═══ Data below ═══
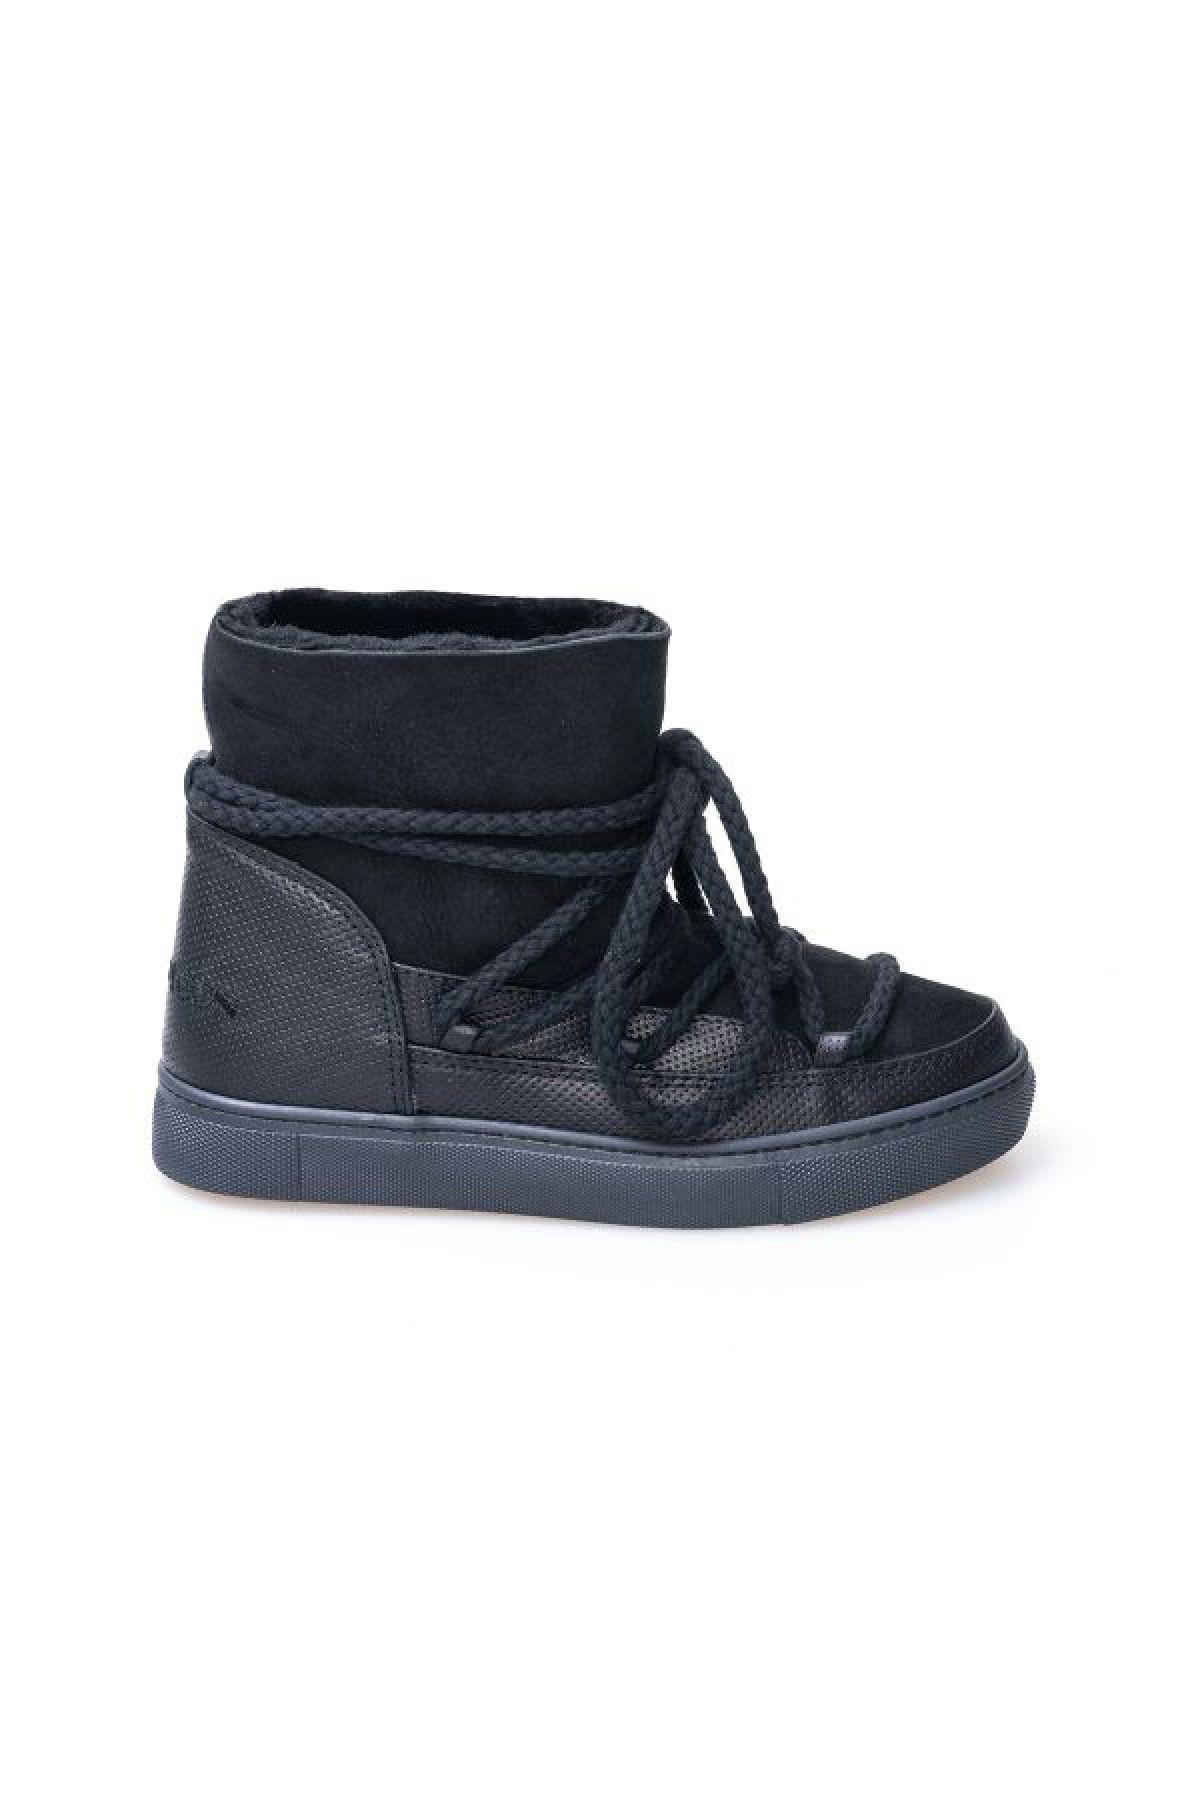 Cool Moon Genuine Leather & Sheepskin Women's Lace-up Sneaker 355029 Black
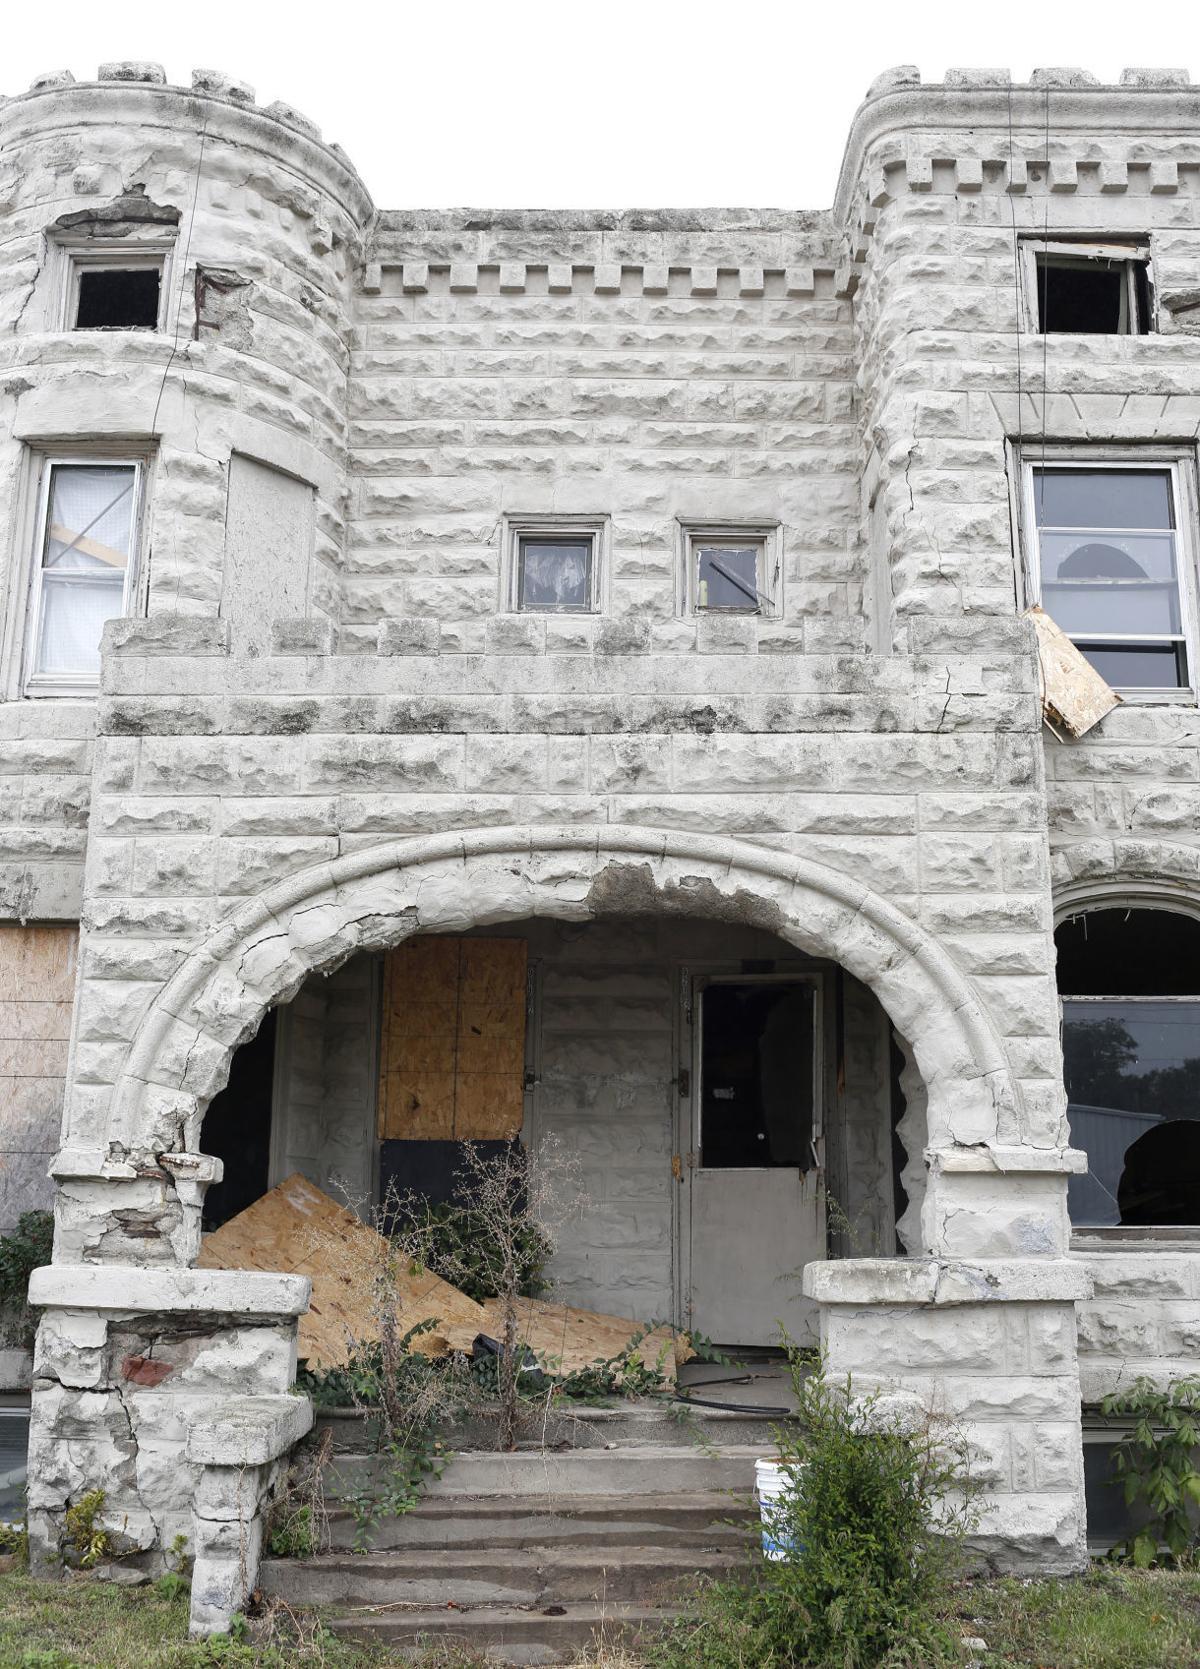 101117mp-Castle-Apartment-building-2
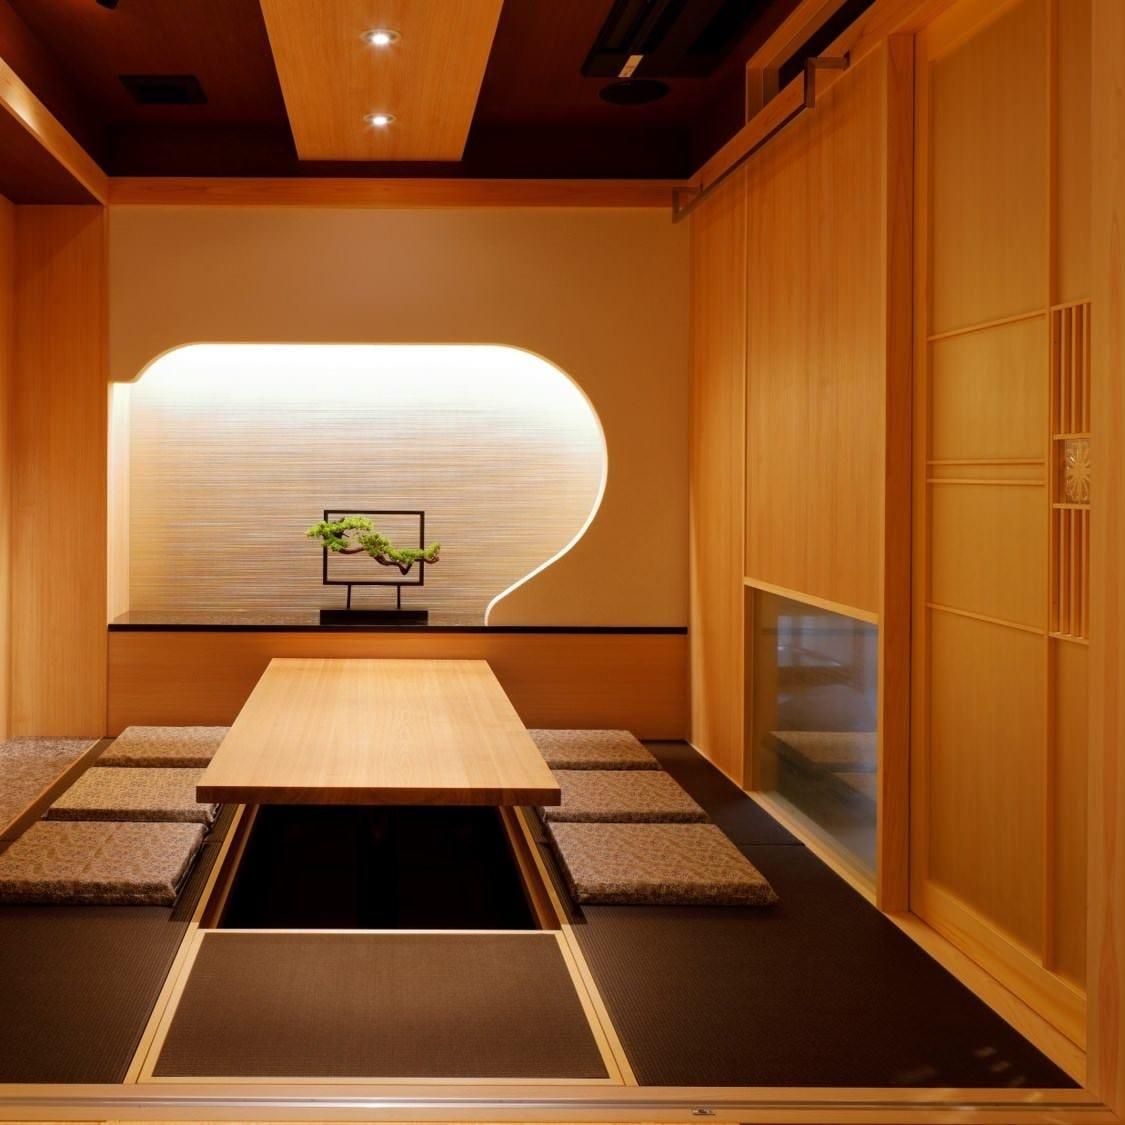 全室、完全個室の掘り炬燵席です。
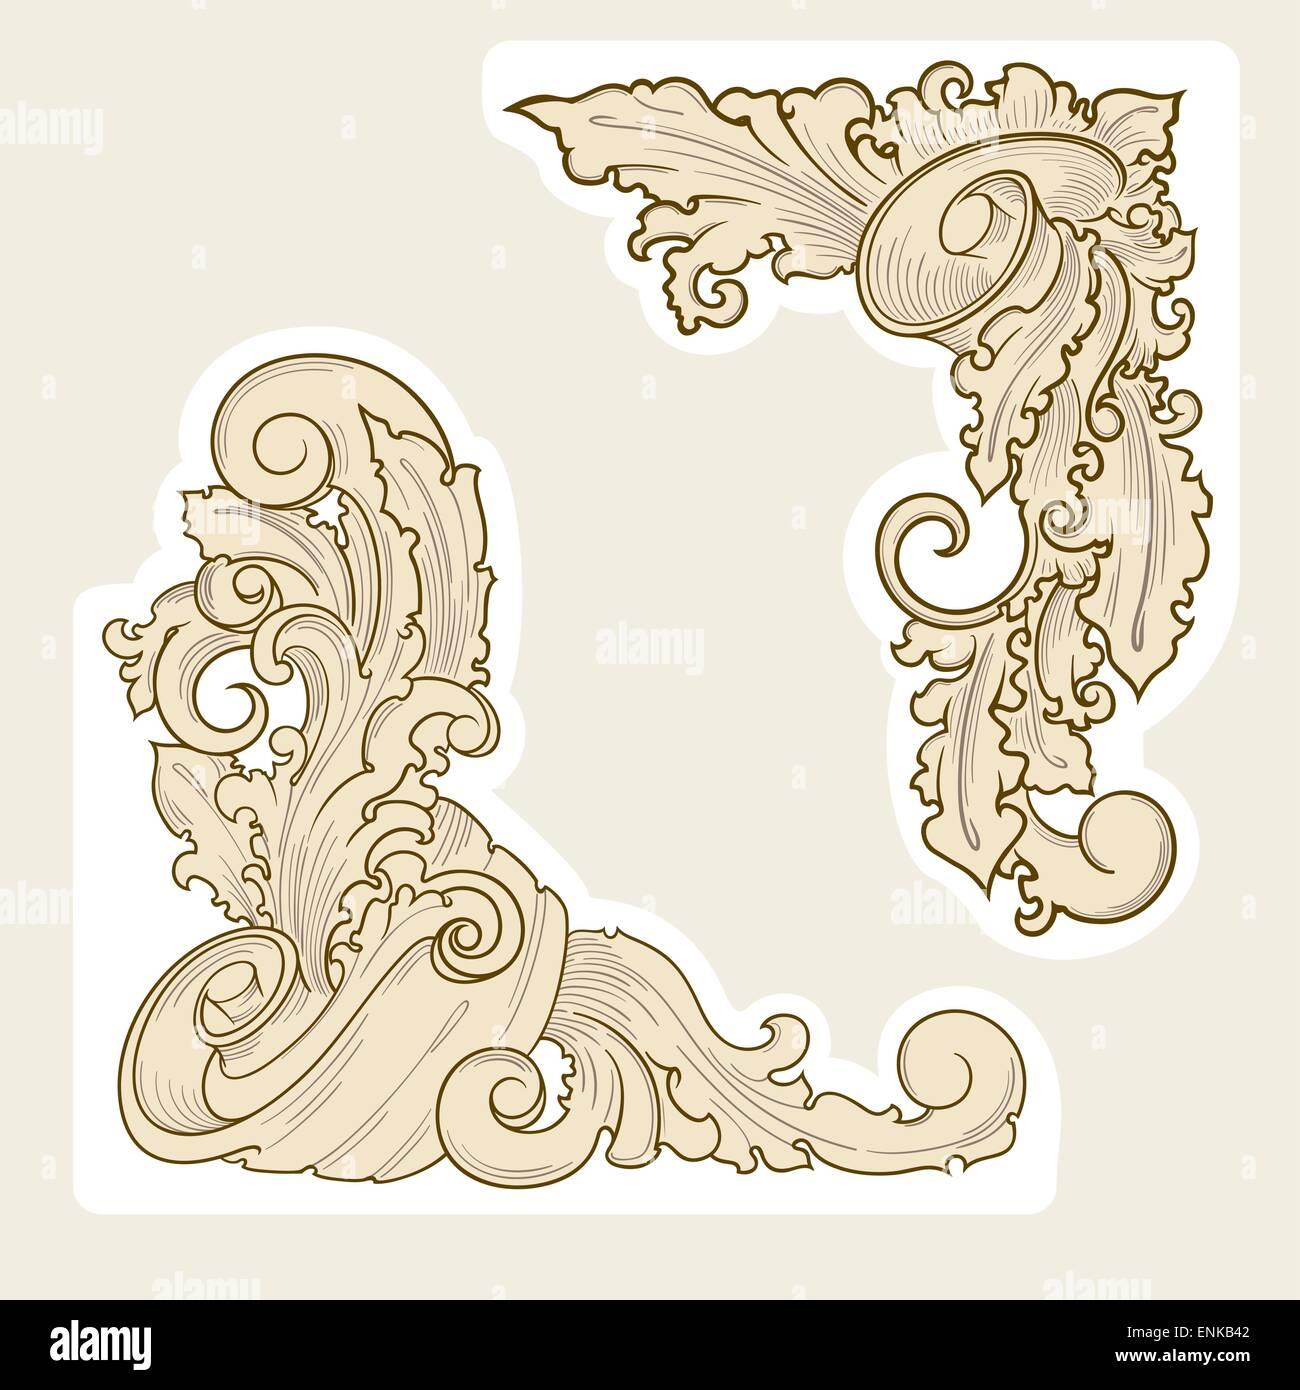 Alten Stil-Design-element Stockbild
═══
■ Your assignment
Make an exact copy of the data above, pictures excluded.

■ Solution to this problem
 Cool Moon Genuine Leather & Sheepskin Women's Lace-up Sneaker 355029 Black
 101117mp-Castle-Apartment-building-2
 全室、完全個室の掘り炬燵席です。
 Alten Stil-Design-element Stockbild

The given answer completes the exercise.